I think your making a mistake that many 0L's do by considering U.S. News law school tiers as the most important thing. A 3.7 and 161 are probably good enough to get into low tier 1 or tier 2 schools, but at some point the tiers don't matter. Also realize U.S. News is nothing more than a for-profit, unregulated, magazine offering an opinion. The schools ranks change drastically year by year. I graduated in 2007 and my school was in the 70's when I started then went into the 90's then went into the 90's my second year out of tier 2 for my 3rd year then back to the mid 80's a year after graduation.

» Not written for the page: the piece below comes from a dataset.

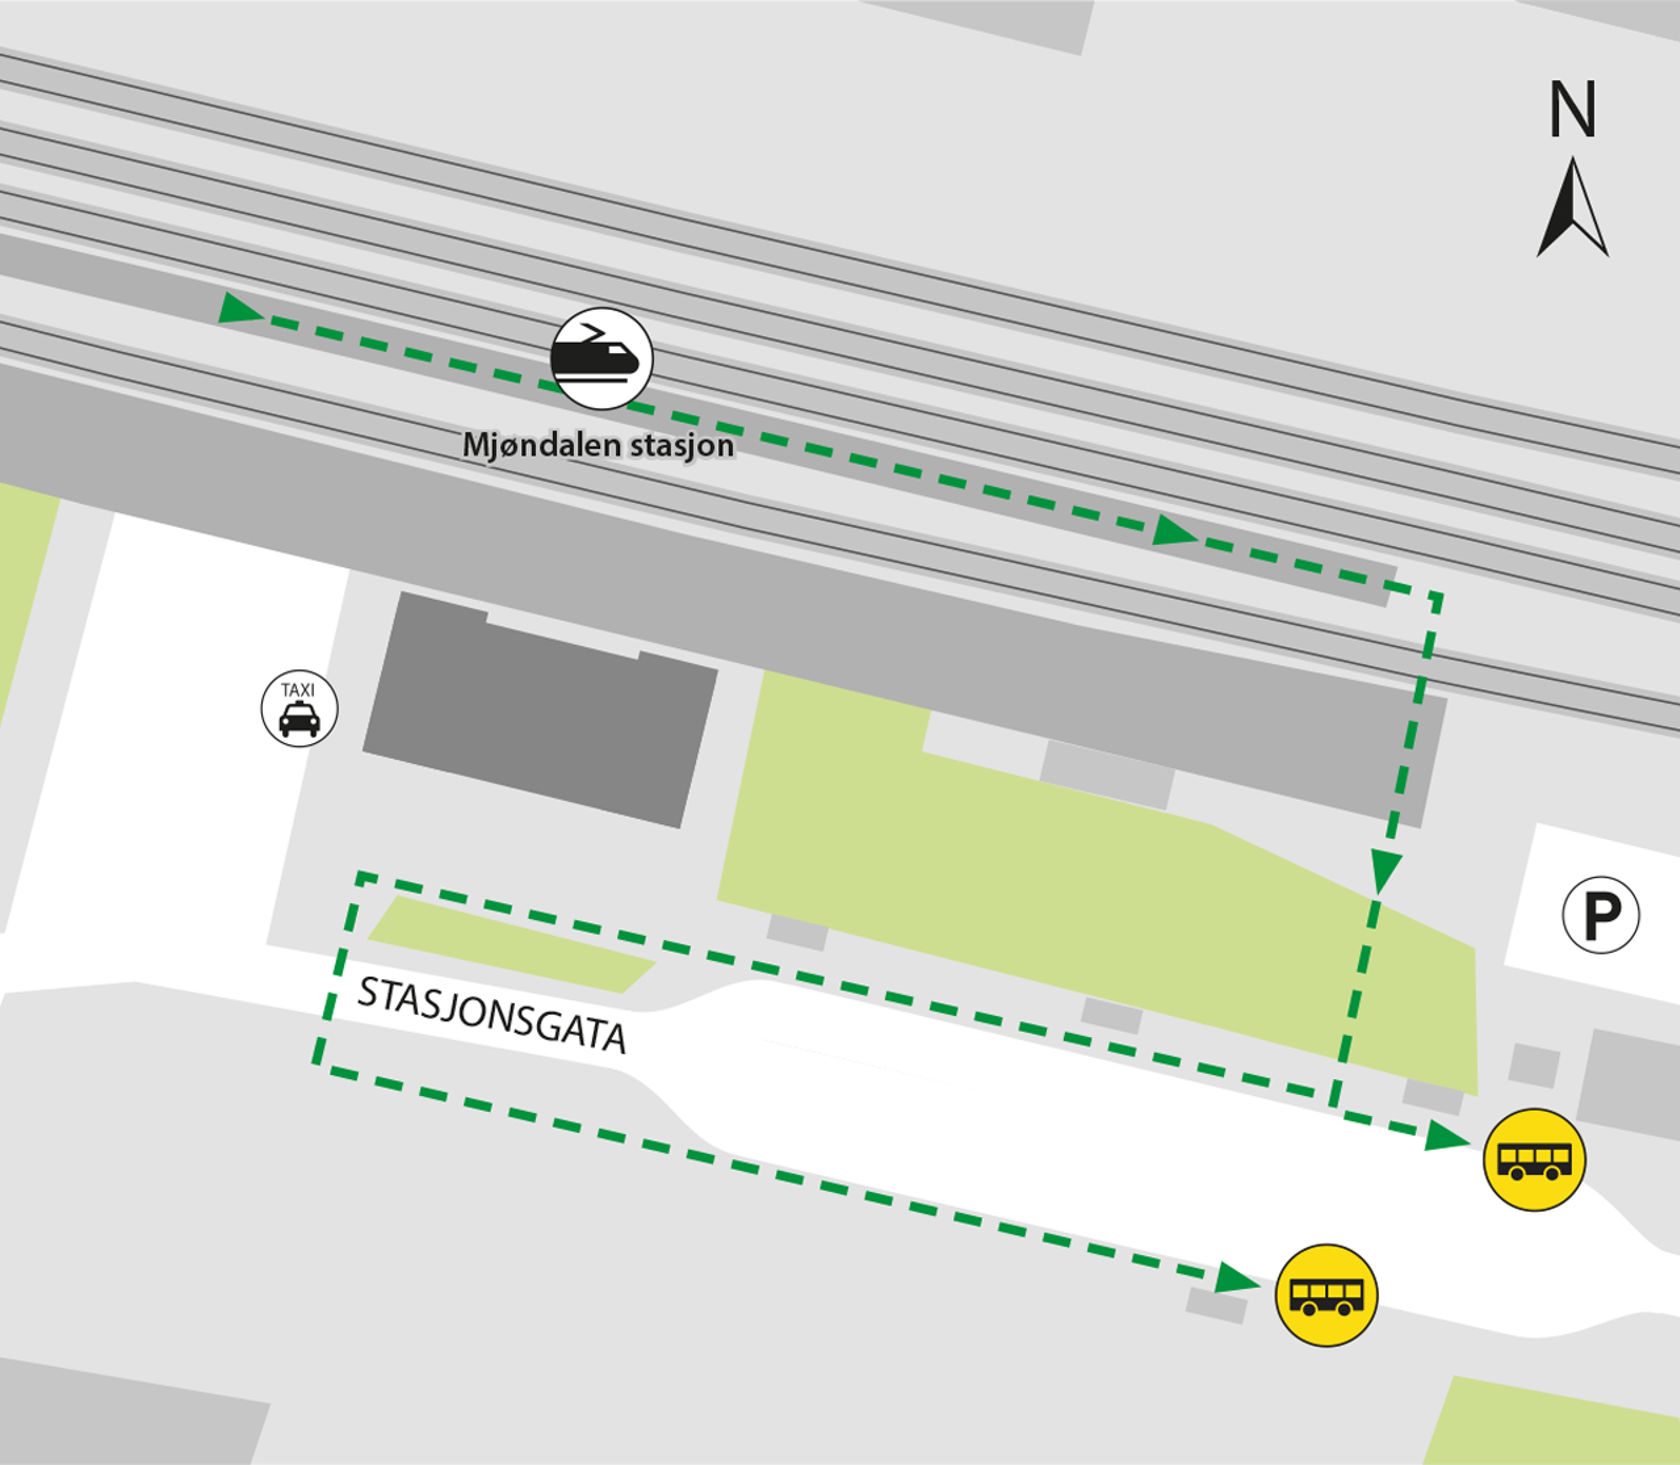 Map shows rail replacement service departs from Mjøndalen stasjon bus stops C and D

I will tell you nothing changed at the school when these drops and rises occured. I guess techincally it went down every year I was there so maybe I was single handedly responsible for it, but it's more realistic that nobody cares and knows about the difference between 70-80.
Location and Cost are usually more important to consider than what the tier of a school unless you are dealing with Harvard, Yale, Stanford those type of schools, which with a 3.7 & 161 are probably out of range.
I noticed you can go to school for free, which is great, but I assume you have a scholarship and if that is true you need to very careful about the conditions on them.
http://www.nytimes.com/2011/05/01/business/law-school-grants.html?_r=1&pagewanted=all this article does a good job of explaining it. Essentially a school will say all you need is a 3.0 to maintain your GPA, which you assume is easy you got a 3.7 in undergard after all, which is what most law students received. However, you are not familiar with law school grading and usually only 35% of the class can maintain a 3.0 after first year. This means there is a 65% chance of losing the scholarship, because about 99% of ABA law students are smart and hard working. 100% of them are sure they will be in the top 35%, but your an accoutning major and you can see how the math works on that. So just be careful about conditions.
Reality of legal education is that realistically it is all the same. You literally take the same courses, use the same textbooks, from school to school. The prestige makes some difference in finding a job, but not as big as many think particulalry when distinguishing between low tier 1 and 2/3/4 schools. Nobody cares the location matters much more in those situations. For example University of Washington is a fine school, but New York, San Francisco, L.A, Chicago employers aren't going to reach out to Washingotn. New York already has NYU, Columbia and 5 other schools in their own backyard, and they might go out of their way for Harvard, Stanford, Yale, but not University of Washington.
The same logic applies for all of those San Francisco has Boalt and Stanford plus 5 other bay area schools. L.A. has USC and UCLA, Chicago has University of Chicago and Northwestern as well as an abundance of schools. The list goes on so if you wanted to work any of those locations you would be better of going to school in those locations. If you wanted to work in Washington then go to Washington. It really is that simple.
Good luck
Also remember I am only an anonymous internet poster as is anyone else on this board or others you may read so don't take it to seriously.